Лакатос дает классификацию различных «логик открытия», которые отличаются, на его взгляд, представлением о правилах принятия и отбрасывания теорий и «кодексом научной честности» [12]. Индуктивизм (логический позитивизм) исходит из того, что в качестве научных могут быть приняты лишь суждения, которые описывают твердо установленные факты, или являются их индуктивными обобщениями. Научный кодекс здесь суров: суждение должно быть обосновано фактами, либо выведено из ранее обоснованных. Главной проблемой является базисное знание, факты. Лакатос считает, что индуктивистов не интересовала реальная история науки, они строят скорее логическую конструкцию. Их позиция – радикальный интернализм, который проявляется в стремлении искоренить любую метафизику, сопротивляться всем внешним влияниям на науку.

Конвенционализм допускает построение любой теоретической системы, которая объединяет факты в связное целое. Все системы здесь истинны «по соглашению». Любая может быть отброшена, если найдена более простая. Прогресс науки кумулятивен. Теоретический прогресс состоит в достижении большего удобства (простоты). Изобретение более простых теорий – главное открытие. Образцовый пример: Коперник по сравнению с Птолемеем. Кодекс честности менее строг: в конвенционализме нет запрета на недоказуемые спекуляции, теоретические системы могут строиться на основе любых идей.

Третью логику Лакатос называет фальсификационизмом – это концепция Поппера. Здесь ищут смелых фальсифицируемых открытий и великих решающих экспериментов.
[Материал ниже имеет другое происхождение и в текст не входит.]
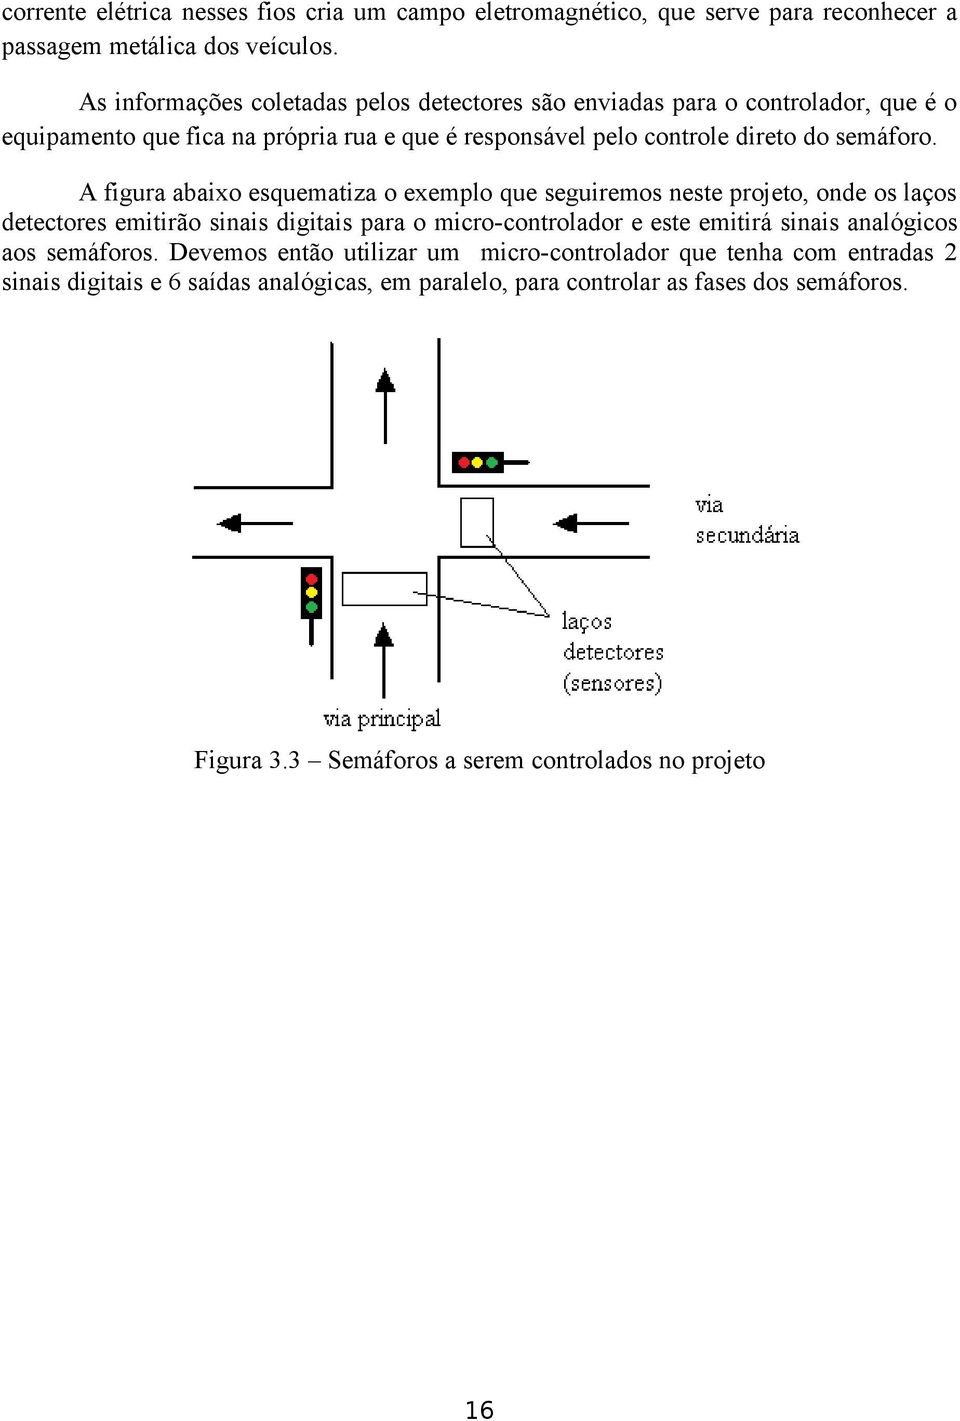 A figura abaixo esquematiza o exemplo que seguiremos neste projeto, onde os laços detectores emitirão sinais digitais para o micro-controlador e este emitirá sinais

За каждым открытием стоит теория (гипотеза), которую оно опровергает. Поппер требует от ученых быть смелыми, выдвигая гипотезы, и беспощадными, опровергая их. Кодекс честности запрещает выдвижение нефальсифицируемых гипотез. Любая должна приводиться в столкновение с определенным базисным утверждением и отбрасываться, если ему противоречит. Влияние метафизических идей допускается в контексте открытия (при формулировке гипотезы), но не при проверке.

Лакатос уверен, что реальная история науки фальсифицирует теорию Поппера. Ученые в реальной истории то слишком медлительны, то слишком спешат. Примет медлительности: парадоксы ньютоновской механики были известны задолго до Эйнштейна, но не вели к отказу от нее. Пример спешки: Галилей принял учение Коперника вопреки множеству аргументов против нее и вопреки тому, что она плохо согласовывалась с наблюдениями. Главное, что никто не отказывается от принятых теорий при столкновении с отдельными аномалиями. Проверка теории (тут он согласен с Куном) всегда представляет собой элемент соперничества разных теорий. А титул «решающего эксперимента» часто присваивается открытию задним числом, когда новая теория уже победила. Только через 25 лет после его проведения знаменитый эксперимент Майкельсона – Морли был признан доказательством несуществования эфира. Теория относительности к тому времени уже была принята [13].

Недостатки попперовского подхода Лакатос надеется преодолеть в своей собственной концепции «исследовательских программ», которая является четвертой логикой открытия. В отличие от Куна он считает, что в ходе научных революция сменяются не отдельные теории, или их группы, а целостные исследовательские программы. Исследовательская программа включает в себя «жесткое ядро», в которое входят и некоторые метафизические принципы, позитивную эвристику, которая определяет выбор проблем, и защитный пояс вспомогательных теорий, которые предвидят аномалии и отражают их. История науки – это борьба соперничающих исследовательских программ. Нормальная наука возможна тогда, когда одна из программ захватывает монополию (что бывает, по мнению Лакатоса, редко). Именно ориентацией на исследовательскую программу Лакатос объясняет упорство ученых в отстаивании теории, сталкивающейся с аномалиями. Такое упорство, считает он, вполне рационально (для Поппера, конечно, нет). Научная революция – это всегда длительный процесс вытеснения одной программы другой.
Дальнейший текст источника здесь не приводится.